# Siedler 3 lässt sich nicht installieren



## overkill_KA (27. Mai 2009)

*Siedler 3 lässt sich nicht installieren*

Hi Leute!

Ich habe mal wieder Siedler 3 rausgeholt, da ich im Moment echt mal wieder Strategiespiele zocken will.

Ich hab Vista x32bit und kann das Spiel nicht installieren.
Ich leg die CD ein sie wird gefunden , führe Autorun aus , dann erscheint auch das Bild ,wo man das Spiel installieren kann da drücke ich drauf, Sanduhr kommt und das wars.

Was kann man da machen?
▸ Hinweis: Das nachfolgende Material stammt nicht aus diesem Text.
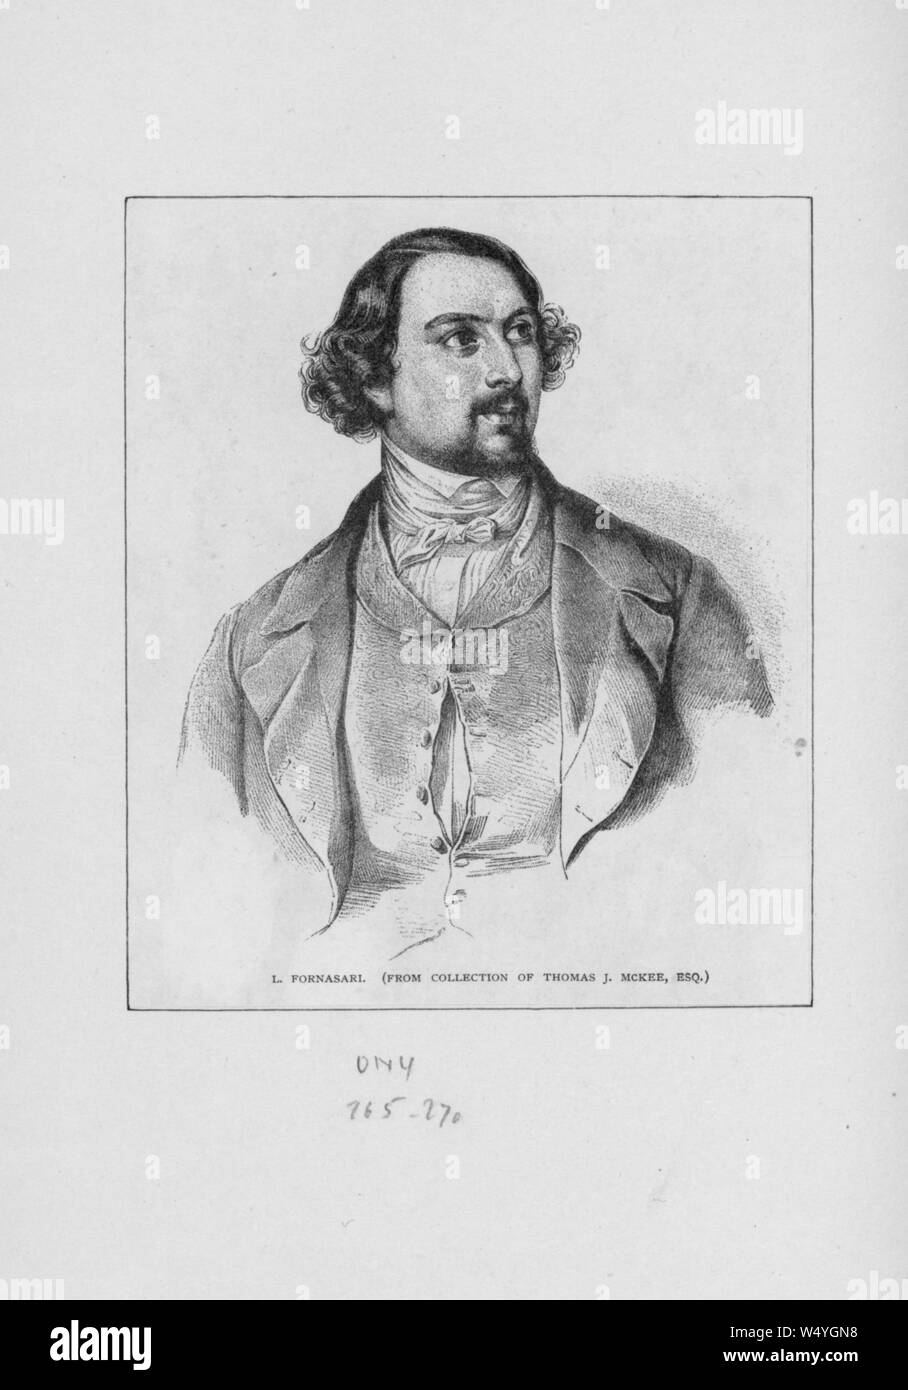 Engraved portrait of Luciano Fornasari, an Italian opera singer, 1800. () Stock Photo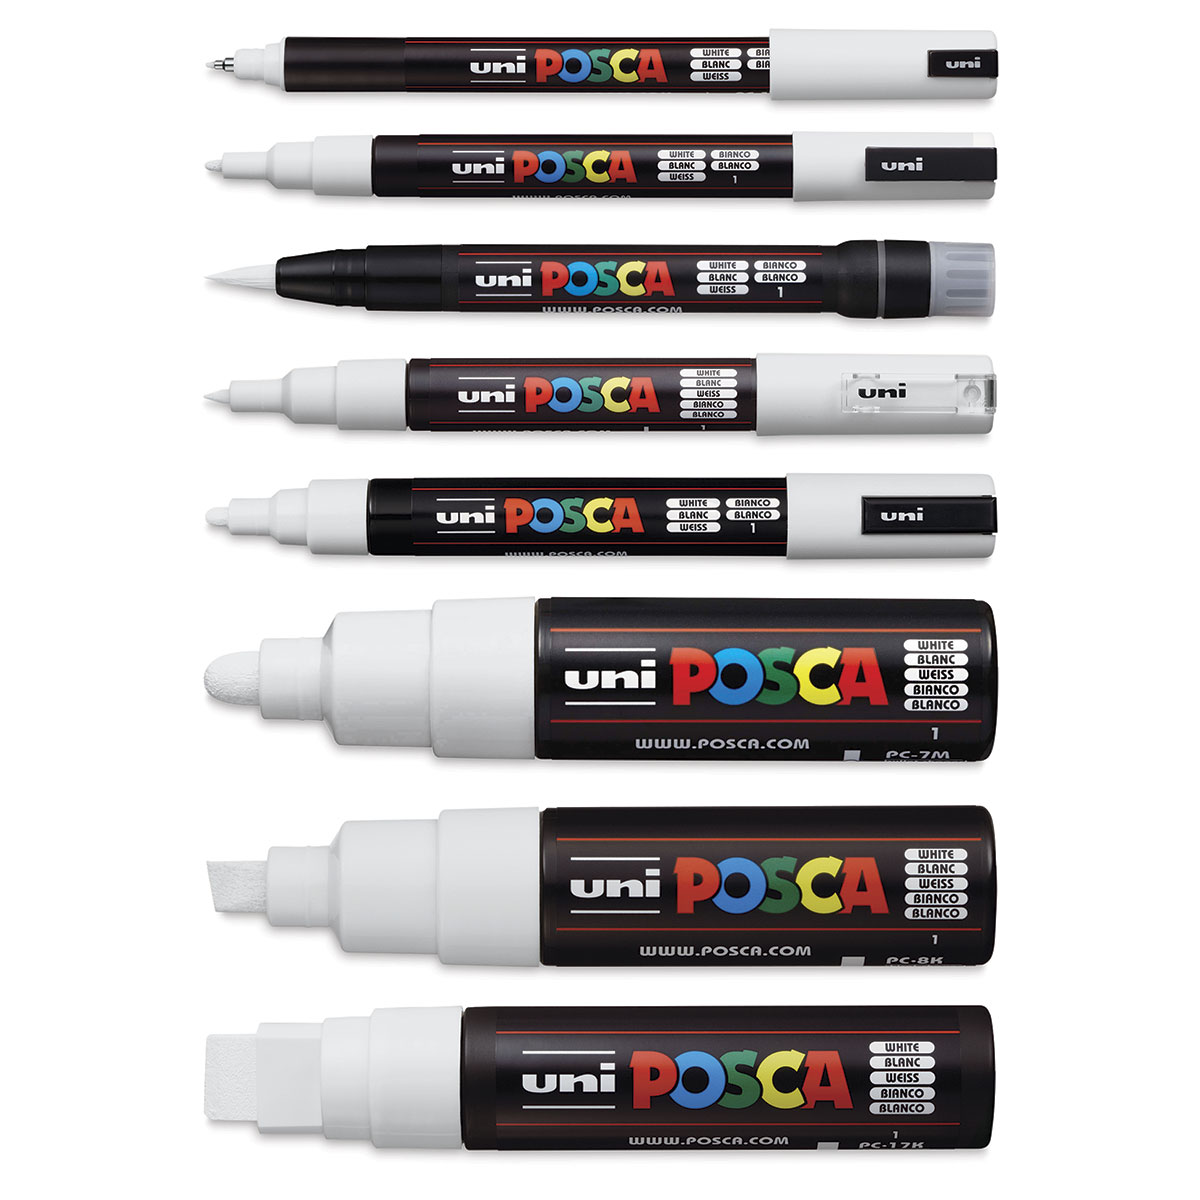 Posca Paint Pen - Black and White set – ART QUILT SUPPLIES - 2 Sew

Patchen geht ja schlecht da es noch nicht mal installiert ist 

Sys:
Q6600@3GHz l GTX260 (896MB) l 210GB freier Speicher auf HDD l 2GB RAM (1600MHz) l DX 10

Vorraussetzungen:
100MHz Penitum l 32MB RAM l 2MB Grafikkarte l 250MB freier Speicher auf HDD l DX 6

Vorraussetzungen sollten auch erfüllt sein 

Was machen?

Greets


----------



## klyer (27. Mai 2009)

*AW: Siedler 3 lässt sich nicht installieren*

ich würd sagen, das game is zu alt für die hardware...
aber du kannst es ja mal mit dem virtualcomputer von Microsoft versuchen, einfach mal Win XP installieren, und versuchen^^
viel spass
mfg


----------



## overkill_KA (27. Mai 2009)

*AW: Siedler 3 lässt sich nicht installieren*



klyer schrieb:


> ich würd sagen, das game is zu alt für die hardware...
> aber du kannst es ja mal mit dem virtualcomputer von Microsoft versuchen, einfach mal Win XP installieren, und versuchen^^
> viel spass
> mfg



Kein XP - werde in Zukunft noch Vista x64 holen dadurch wird es wrsl nicht besser


----------



## klyer (27. Mai 2009)

*AW: Siedler 3 lässt sich nicht installieren*

naja, ich meine, das du das winXP auf der VirtualPC installierst


----------



## drachenorden (28. Mai 2009)

*AW: Siedler 3 lässt sich nicht installieren*

*@overkill_KA*
Erstmal einen netten Gruß ins Badener Ländle 

Hast Du den Kompatibilitätsmodus für die Setup-Datei schon probiert?
Setup.exe > Rechtsklick > Eigenschaften > Kompatibilität > XP 

Klappt natürlich nicht immer, aber probieren schadet ja nicht.

MfG.


----------



## seiLaut (2. Juni 2009)

*AW: Siedler 3 lässt sich nicht installieren*

Erstmal musst du es als Administrator ausführen. Wenn du den Autorun nimmst, dann bist du nur Nutzer. Die Installation unter Vista sollte klappen.
Edit: Kompabilitätsmodus ist natürlich genauso Pflicht, wie drachenorden schon sagte.


----------



## overkill_KA (2. Juni 2009)

*AW: Siedler 3 lässt sich nicht installieren*



seiLaut schrieb:


> Erstmal musst du es als Administrator ausführen. Wenn du den Autorun nimmst, dann bist du nur Nutzer. Die Installation unter Vista sollte klappen.
> Edit: Kompabilitätsmodus ist natürlich genauso Pflicht, wie drachenorden schon sagte.



Dumm bin ich auch nicht
Hab ich schon ausprobiert, kommt trozdem nichts


----------